In large part, the entire course explores theorists’ attempts to expand upon and apply these two theses (CTC/RTI).  In the next few lectures we will see how the various disciplines of cognitive science came to converge upon particular mental phenomena as the central and the primary areas of cognitive science research.  More specifically, we explore how researchers came to conceive of perception, attention, memory, learning, problem solving, and language as information processing tasks, and paradigm cognitive processes.

1.            Thagard, P. Mind: Introduction to Cognitive Science (MIT Press, Cambridge, MA, 2005).

2.            Fodor, J. The Language of Thought (Harvard University Press, Cambridge, MA, 1975).

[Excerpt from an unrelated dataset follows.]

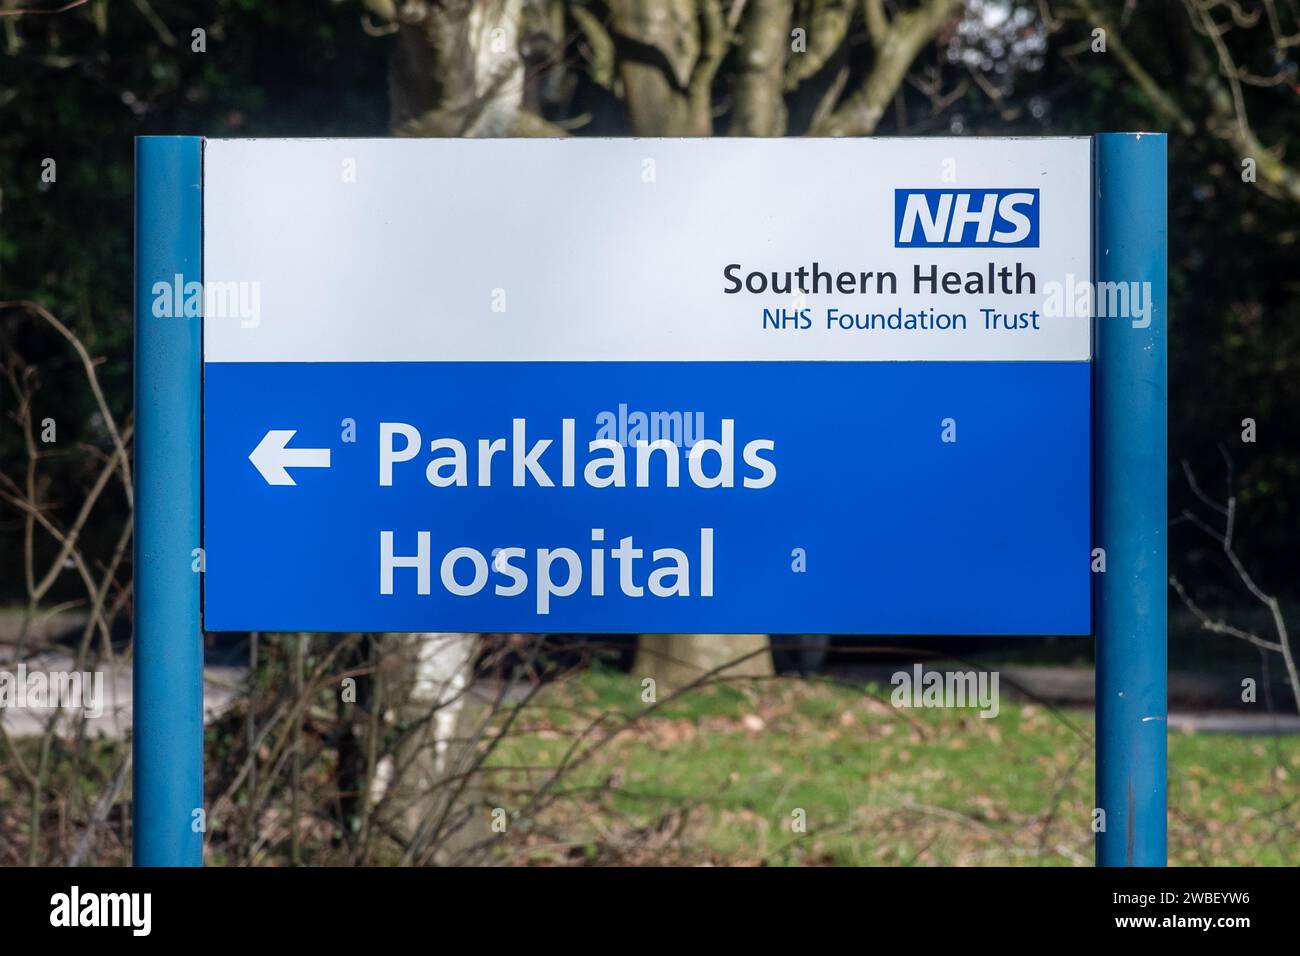 Signalisation à l'hôpital Parklands à Basingstoke, Hampshire, Angleterre, un établissement de santé mentale Banque D'Images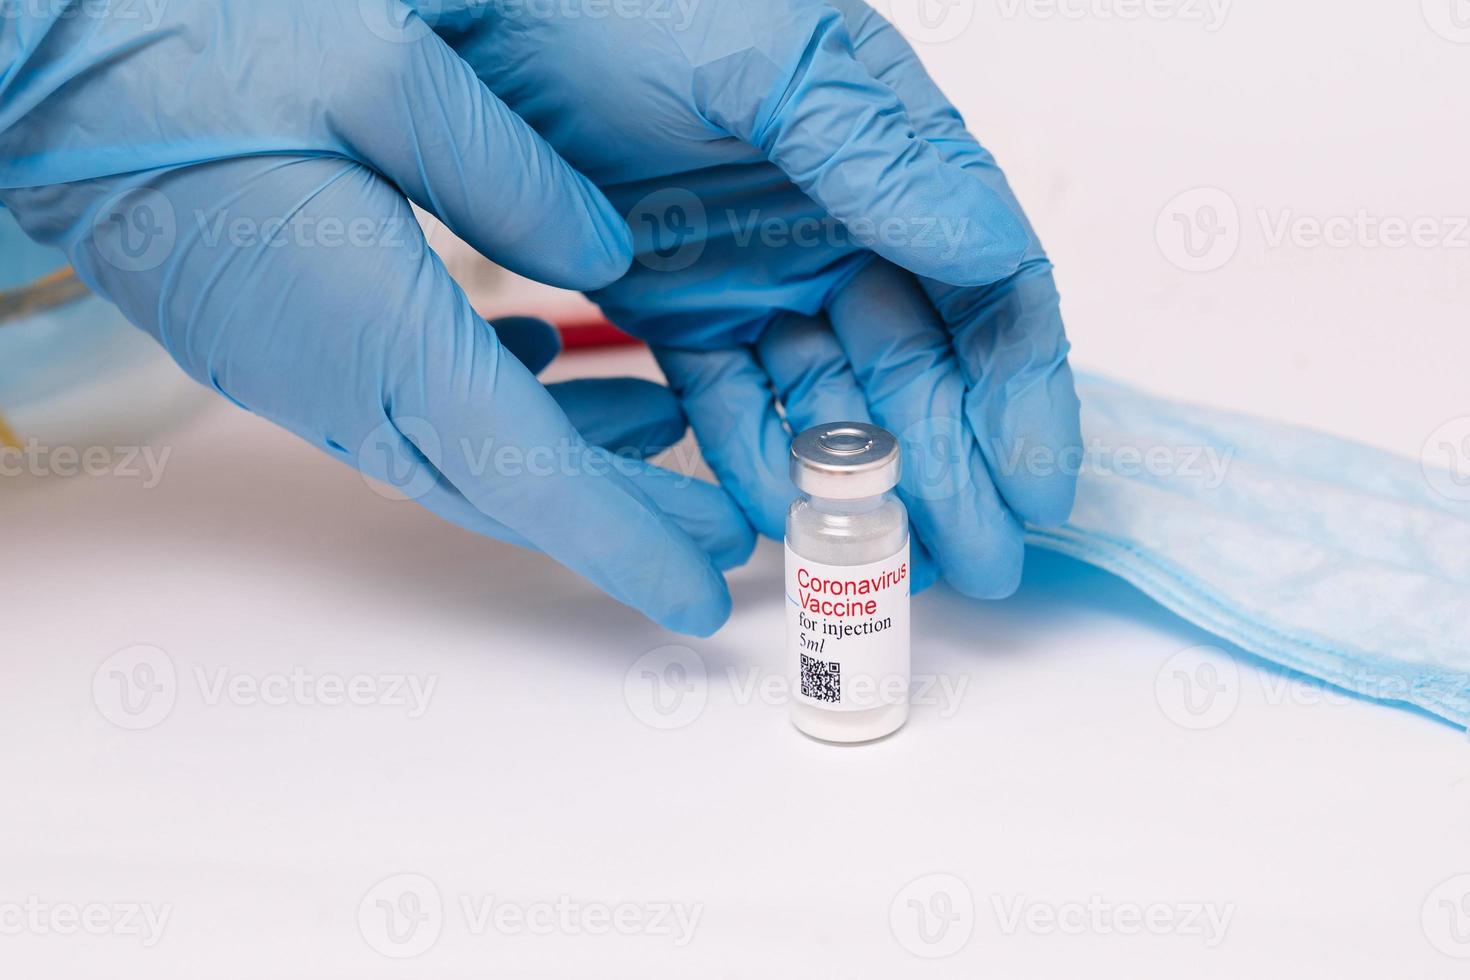 vacuna para el coronavirus. médico con una vacuna. manos sosteniendo una ampolla de vacuna contra el coronavirus, covid-19 foto

3.            Fodor, J. RePresentations: Philosophical Essays on the Foundations of Cognitive Science (MIT Press, Cambridge, MA, 1981).

4.            Haugeland, J. in Mind Design: Philosophy, Psychology, and Artificial Intelligence (ed. Haugeland, J.) (1981).

5.            Haugeland, J. Artificial Intelligence: The Very Idea (MIT Press, Cambridge, MA, 1985).

6.            Dennett, D. Brainstorms (MIT Press, Cambridge, MA, 1978).

7.            Newell, A. & Simon, H.A. Computer Science as Empirical Inquiry: Symbols and Search. Communications of the ACM 19, 113-126 (1976).

8.            Cummins, R. Meaning and Meantal Representation (MIT Press, Cambridge, MA, 1989).